7. Wie kann eine ökologisch verträgliche Entwicklung gelingen?

Pflanzen, die durch Pflaster wachsen
Eingriffe in die Natur sollen möglichst ausgeglichen werden (Foto: Th. Gries)

Widerspricht nicht der neue Stadtteil dem Vorrang der Innenentwicklung und hat einen zu großen Flächenverbrauch?

  • Die Stadt schöpft Innenentwicklungspotenziale dort, wo sie städtebaulich sinnvoll sind, aus.
  • Dietenbach minimiert aus regionaler Sicht aber auch den Flächenverbrauch: Da die Bevölkerung durch Geburten und Zuwanderung wächst, würde sich ohne Dietenbach der Siedlungsdruck vermehrt ins Umland richten, und dort aufgrund der ländlichen Strukturen den 2-4-fachen Flächenverbrauch nach sich ziehen!

Wie soll der Eingriff in Natur und Landschaft minimiert und ausgeglichen werden?

  • Maßnahmen zur Vermeidung und Minderung von Eingriffen in Natur und Landschaft sind bereits in die Planung integriert. So werden zum Beispiel Flächen mit besonders hochwertiger Funktion als Lebensraum für Tiere und Pflanzen von der Bebauung ausgenommen. Diese Bereiche werden nicht nur erhalten, sondern darüber hinaus weiter aufgewertet.
  • Um den Eingriff in bestehende Biotope im Gewässer Dietenbach so gering wie möglich zu halten, wird der Bachlauf in seiner Form erhalten und die Anzahl künftiger Brücken auf das notwendige Mindestmaß beschränkt.
  • Direkte Wegebeziehungen zum Naturschutzgebiet Rieselfeld und in das Vogelschutzgebiet Mooswald werden ausgeschlossen.
  • Die Grünflächen im neuen Stadtteil Dietenbach werden aus Sicht des Naturschutzes besonders hochwertig gestaltet. Maßnahmen wie den Erhalt geschützter Biotope und die Verwendung einheimischer Gehölze und Pflanzen sind grundlegende Elemente davon.
  • Die attraktiven Frei- und Grünflächen im Plangebiet mindern den Freizeitdruck auf umliegende Schutzgebiete.
  • Um das Wäldchen zwischen Rieselfeld und Dietenbach zu schonen, werden noch alternative Lösungen von K9 Architekten und den Landschaftsplanern in Abstimmung mit der höheren Naturschutzbehörde entwickelt.

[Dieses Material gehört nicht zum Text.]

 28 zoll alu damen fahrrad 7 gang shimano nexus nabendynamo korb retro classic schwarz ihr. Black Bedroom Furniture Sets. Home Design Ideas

Kann eine ökologisch verträgliche Entwicklung gelingen?

  • Für den neuen Stadtteil wird ein naturschutzfachliches Konzept erstellt, auf dessen Grundlage die nicht vermeidbaren Eingriffe ausgeglichen werden können. Wegfallende Bäume und geschützte Biotope werden an anderen Stellen ersetzt. Entfallende Lebensräume besonders geschützter Arten (z.B. Verlust von Offenlandflächen als Nahrungshabitate für Vogel) werden an anderer Stelle kompensiert. Die im Entwicklungsgebiet liegende 20 ha große Fläche westlich der Straße Zum Tiergehege dient dem Erhalt einiger Lebensraumfunktionen unmittelbar in der Nähe.
  • Die Suche nach Ausgleichsflächen in der Region hat bereits begonnen, um frühzeitig geeignete Flächen zu finden.

Wie steht es um Auswirkungen auf die ökologisch sensiblen Bereiche – Rieselfeld und Mooswald?

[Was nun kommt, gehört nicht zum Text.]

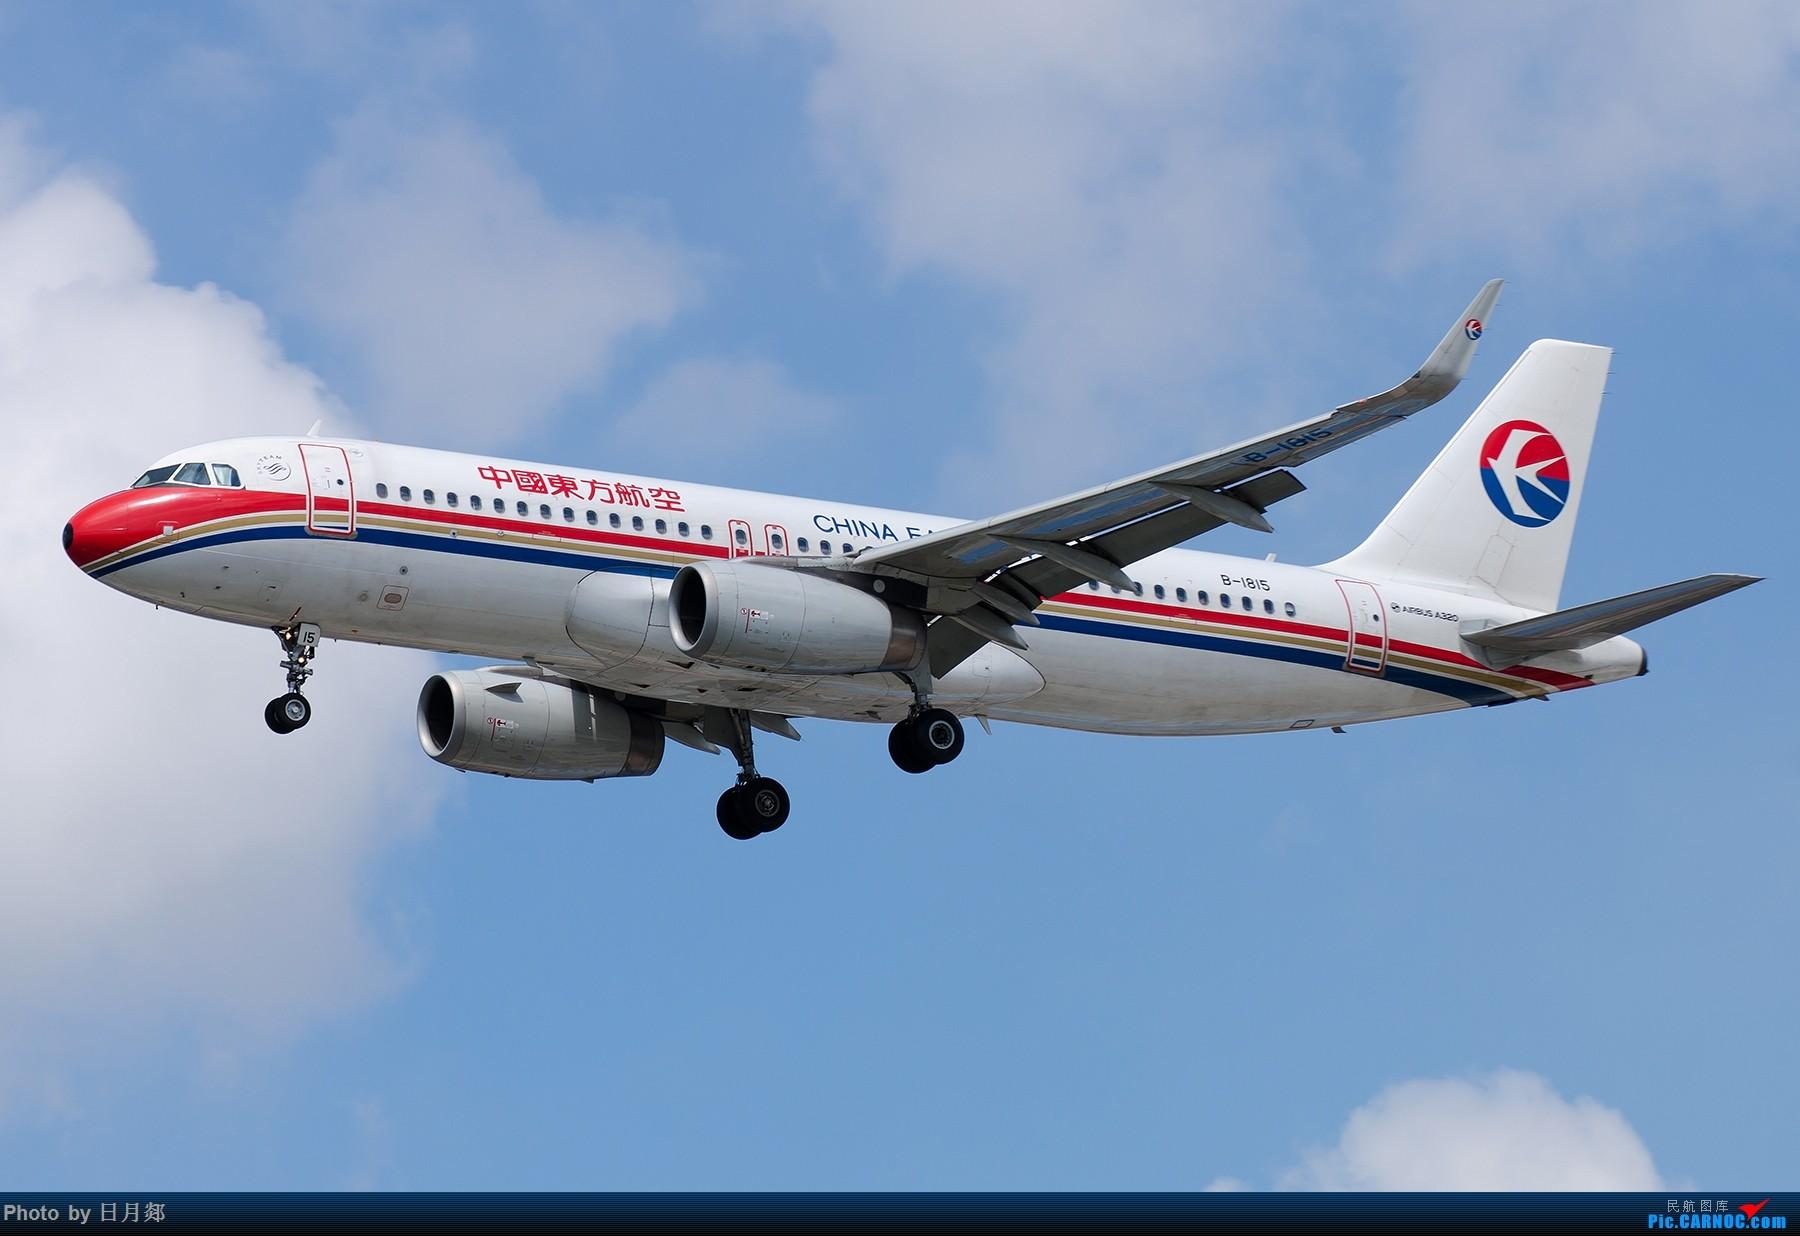 Re:[原创]【SHA拍机*1800大图】图要抓紧发,不然就要炒冷饭,大头镇贴 AIRBUS A320-200 B-1815 中国上海虹桥国际机场

  • Um die hochwertigen Schutzgebiete Naturschutzgebiet Rieselfeld und Vogelschutzgebiet Mooswald vor Beeinträchtigungen zu schützen, wird auf neue Wege zwischen diesen Bereichen und Dietenbach verzichtet. Stattdessen ist eine Lenkung von Fußgängern und Radfahrern in weniger sensible Bereiche (Dreisam und Dietenbachpark) sowie in die Naherholungsflächen im neuen Stadtteil vorgesehen.

Wie werden stadtklimatische Aspekte berücksichtigt – auch in Bezug auf die Durchlüftung bestehender Stadtteile wie Weingarten?

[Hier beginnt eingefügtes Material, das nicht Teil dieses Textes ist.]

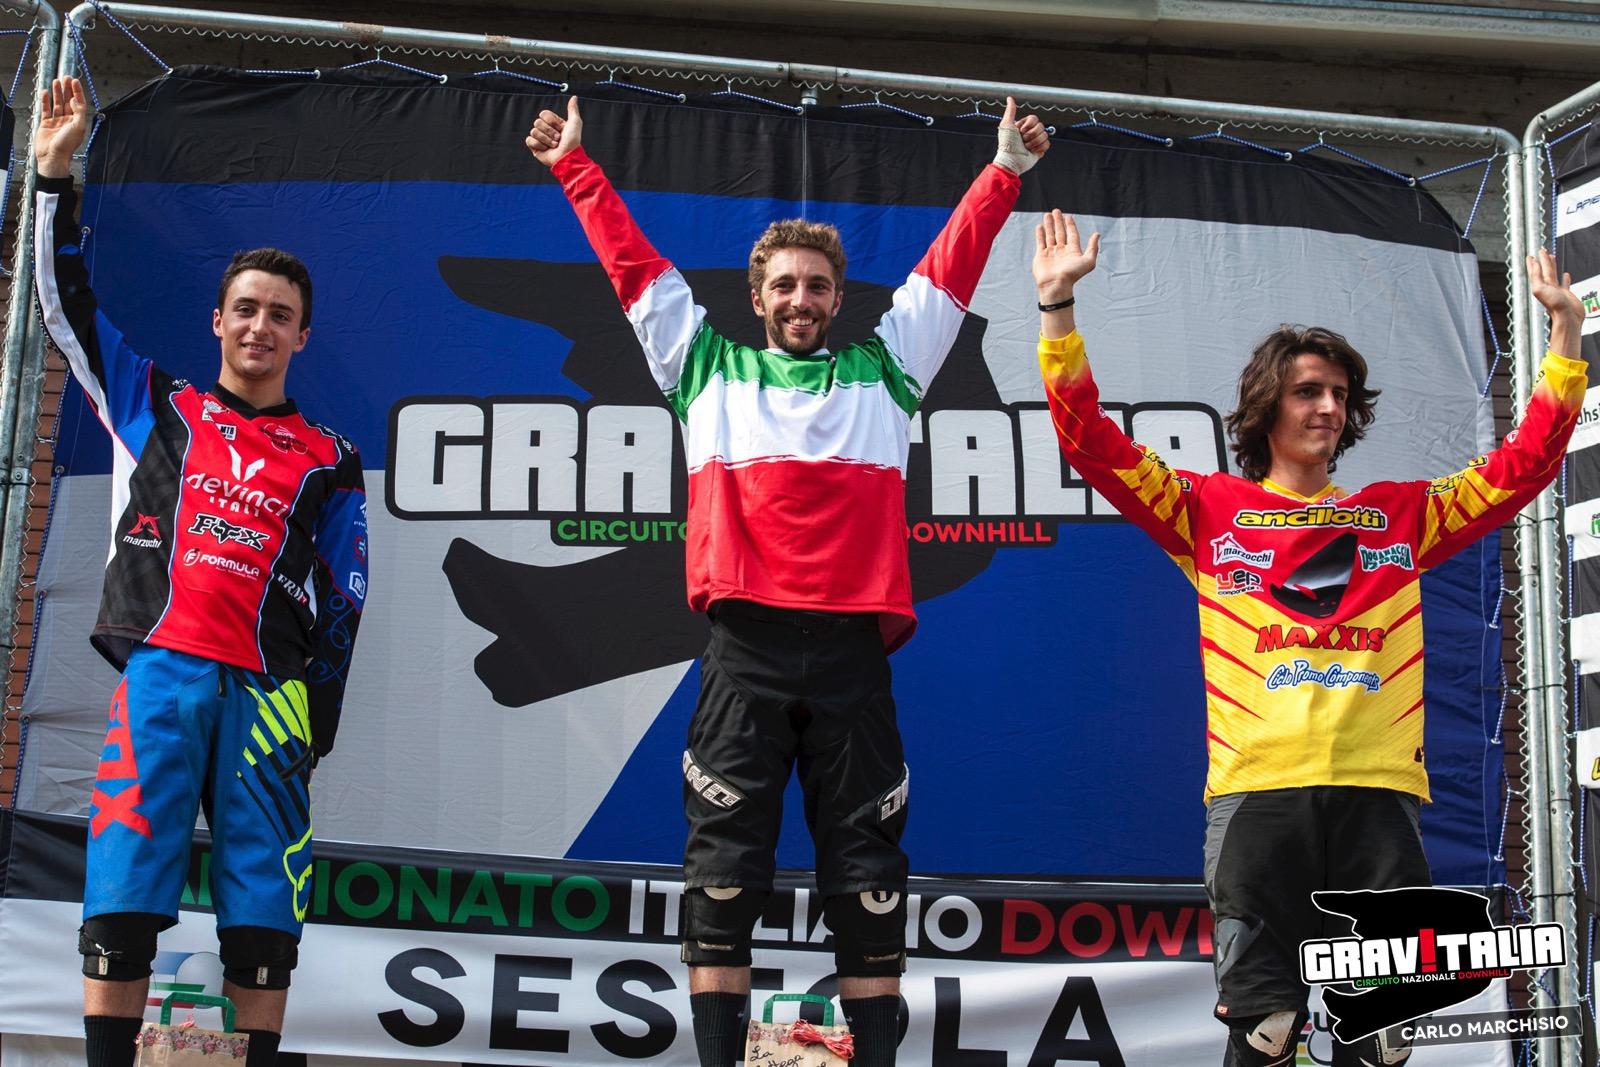 PhotoCarloMarchisio_GIT2015_CampionatiItaliani_Sestola_109

  • Die Parkanlagen dienen auch als Frischluftschneisen für den Luftaustausch mit den umliegenden Gebieten. Das „Schachbrettraster“ des Entwurfs ist für die Durchlüftung vorteilhaft
  • Der Wärmeinseleffekt auch in Nachbarschaft zum Rieselfeld wird durch die Ausbildung eines großzügigen Sport- und Freiraumbands vermieden (d.h. Siedlungen und damit Wärmeinseln wachsen nicht zusammen).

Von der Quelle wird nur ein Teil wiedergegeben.